Table 3. Skills acquired through on-campus training as an alternative to clinical training during COVID-19.
COVID-19: coronavirus disease 2019
| Skills acquired | Number of articles (percentage) | References |
| Understanding the nursing process to plan evidence-based nursing care | 15 (57.7) | [15,17-22,24,25,30,33,34,37,39,40] |
| Collaboration among student group members | 15 (57.7) | [18,22,24,25,27,30,31,33,34,36,37,39] |
| Understanding nursing and the role of its activities among various settings and team structures | 11 (42.3) | [16,22,27,28,30-32,34,36,38,39] |
| Implementing the safety/comfort/independence of nursing care skills | 10 (38.5) | [15,19-22,26,27,35,37,40] |
| Understanding nursing practice adapted to diseases and recovery process | 8 (30.7) | [17,21,28,30,32,34,35,37] |
| Understanding patients such as physical/mental reactions associated with health problems and treatment | 8 (38.5) | [15,24,28,30,32,34,35,39] |
| Learning student’s own characteristics related to basic attitude, how to form a team, and nursing practice | 5 (19.2) | [24,26,29,34,36] |
| Understanding nursing practice in various settings such as hospitals or facilities | 3 (11.5) | [16,22,30] |
| Understanding discharge planning and continued nursing among various settings and team structures | 3 (11.5) | [22,29,37] |
| Advocation for dignity and human rights such as considering clinical ethics issues | 3 (11.5) | [15,30,34] |
| Knowledge of multi-professional collaboration among various settings and team structures | 2 (7.7) | [31,33] |
| Correctly addressing specific health problems and imagining meeting patients’ wishes | 2 (7.7) | [26,35] |
Skills Not Acquired
Table 4 shows the frequency items of skills not acquired. The number of reports on “communicating patient responses” was 11 (42.3%) and that of those on “implementing safety/comfort/independence in nursing cares” was 10 (38.5%). Further, there were seven reports (26.9%) each on “collecting patient information regarding nursing practice adapted to the disease and recovery process and planning evidence-based nursing care” and “planning nursing practice in various settings such as hospitals or facilities.” Additionally, “understanding patients’ physical/mental reactions associated with health problems and treatment” was reported in six articles (23.1%).
Table 4. Skills not acquired through on-campus training as an alternative to clinical practice during COVID-19.

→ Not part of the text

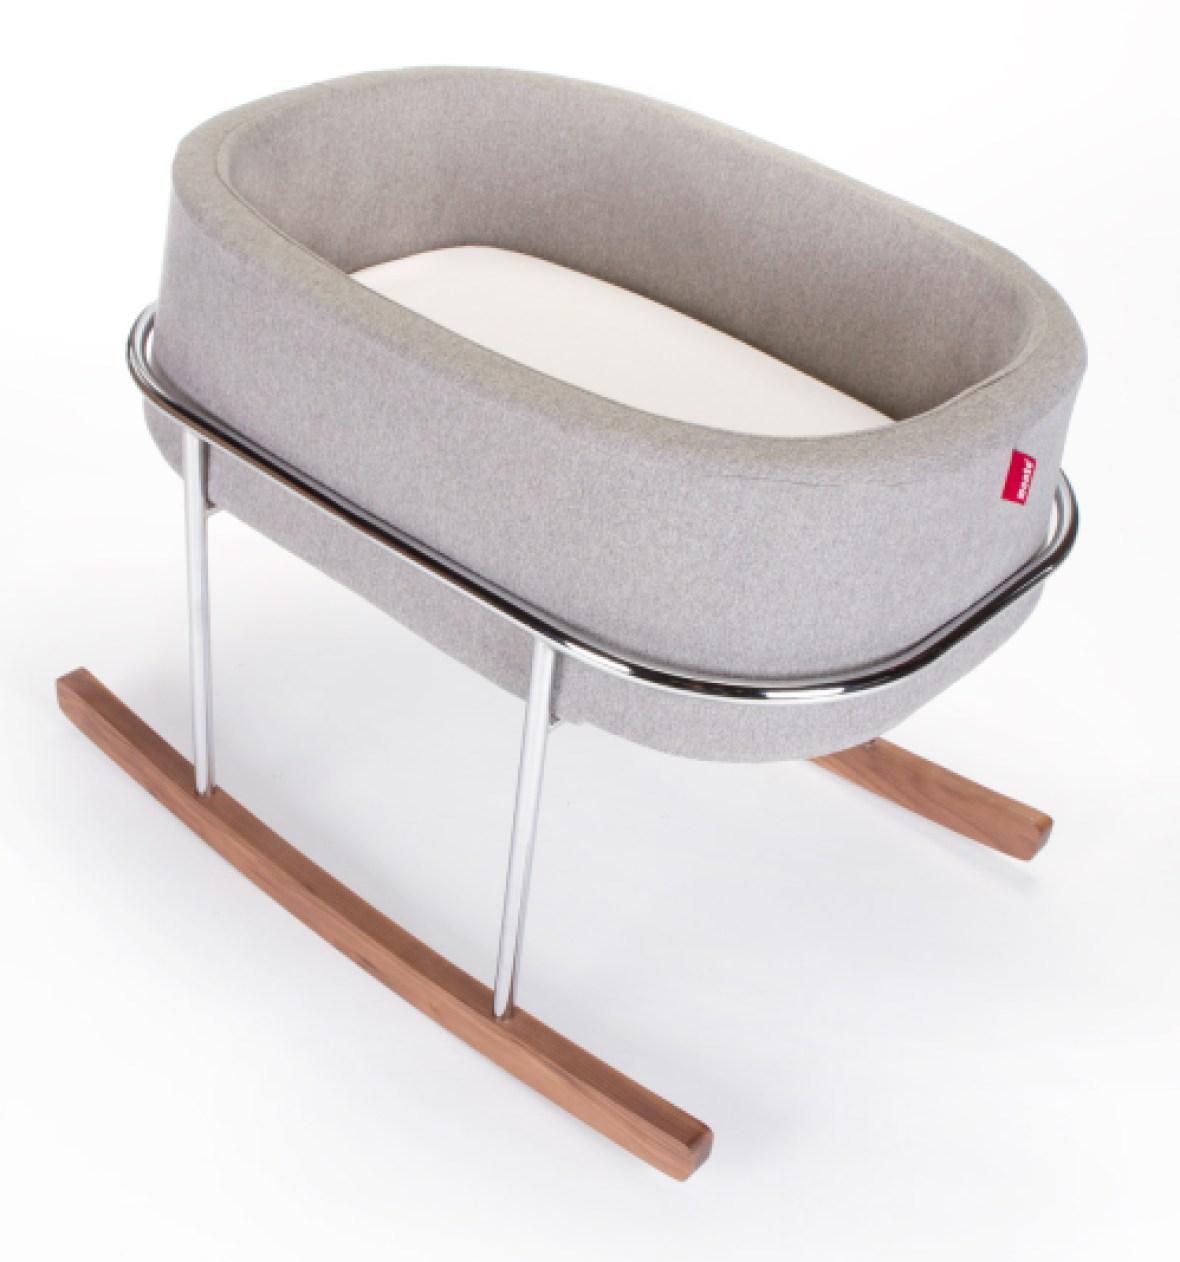 prime day 2017_closer - monte design rockwell bassinet modern (heather grey basket)
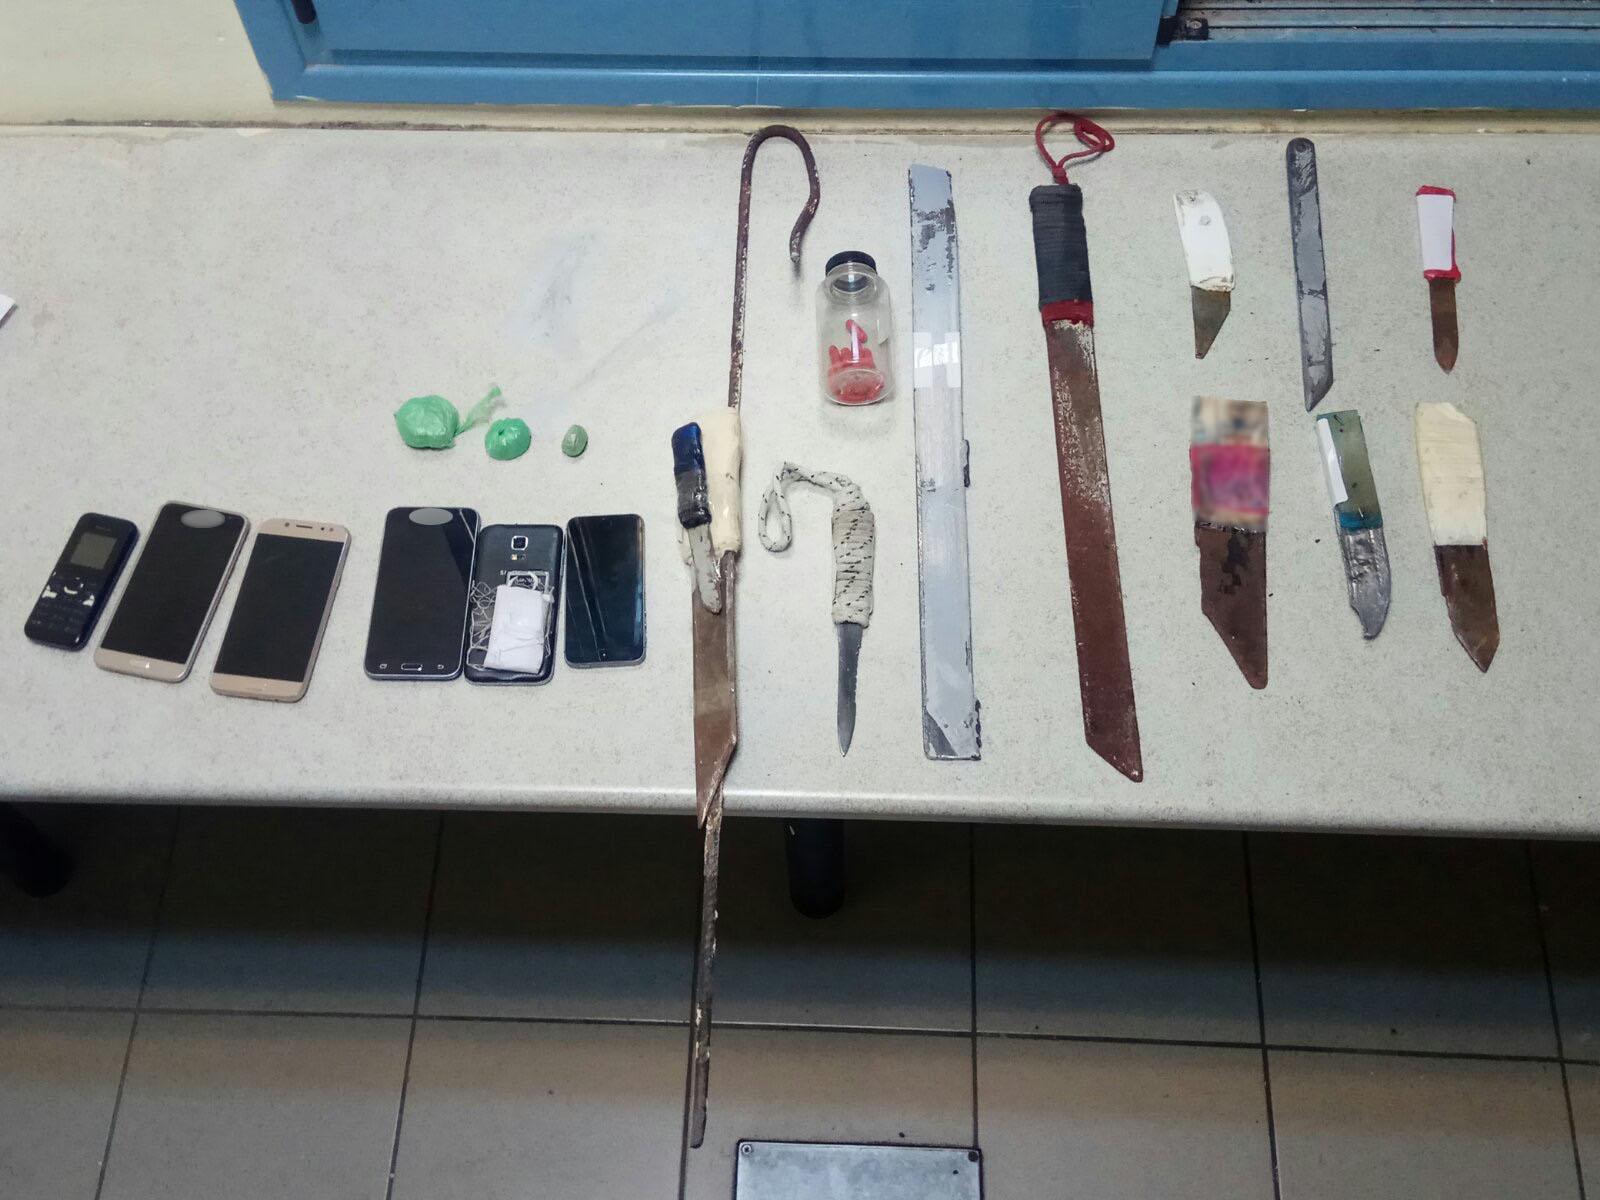 Φυλακές Δομοκού: Ηρωίνη, μαχαίρια και κινητά τηλέφωνα σε κελιά (pics)

COVID-19: coronavirus disease 2019
| Skills not acquired | Number of articles (percentage) | References |
| Communicating patient responses | 11 (42.3) | [17-22,25,27,35,36,39] |
| Implementing safety/comfort/independence in nursing cares | 10 (38.5) | [17,18,20,26,32-36,38] |
| Collecting patient information regarding nursing practice adapted to the disease and recovery process and planning evidence-based nursing care | 7 (26.9) | [17,18,20,21,25,26,33] |
| Planning nursing practice in various settings such as hospitals or facilities | 7 (26.9) | [16,20,30-33,35] |
| Understanding patients’ physical/mental reactions associated with health problems and treatment | 6 (23.1) | [17,21,22,31,37,40] |
| Building supportive human relationships | 5 (19.2) | [18,20,25,30,34] |
| Multi-professional collaborations in multiple settings and team structures | 2 (7.7) | [20,24] |
| Understanding the role of nursing and its activities in multiple settings and team structures | 1 (3.8) | [16] |
| Advocacy of dignity and human rights | 1 (3.8) | [24] |
| Taking care of multiple patients | 1 (3.8) | [36] |
| Flexibility in taking care of patient's condition | 1 (3.8) | [20] |
| Quick assessment | 1 (3.8) | [20] |
| Providing evidence-based nursing care according to the needs of individual patients | 1 (3.8) | [35] |
Discussion
Clinical practice involves a lot of learning, but it is necessary to consider the burden on both students and clinical instructors. Nursing students who received clinical practice training in actual clinical settings during the COVID-19 pandemic have some practical concerns, including the provision of fewer learning opportunities and a lack of complete understanding of why they chose to become a nurse [41]. In October 2021, the Ministry of Education, Culture, Sports, Science, and Technology of Japan surveyed schools for training public health nurses, midwives, and other such practitioners and reported that 97.2% of the colleges provided some kind of practical training as an alternative to clinical training [42]. Practical training as an alternative to clinical training can be conducted through on-campus, online (interactive communication is possible), theoretical, report, and on-demand (one-way communication) training.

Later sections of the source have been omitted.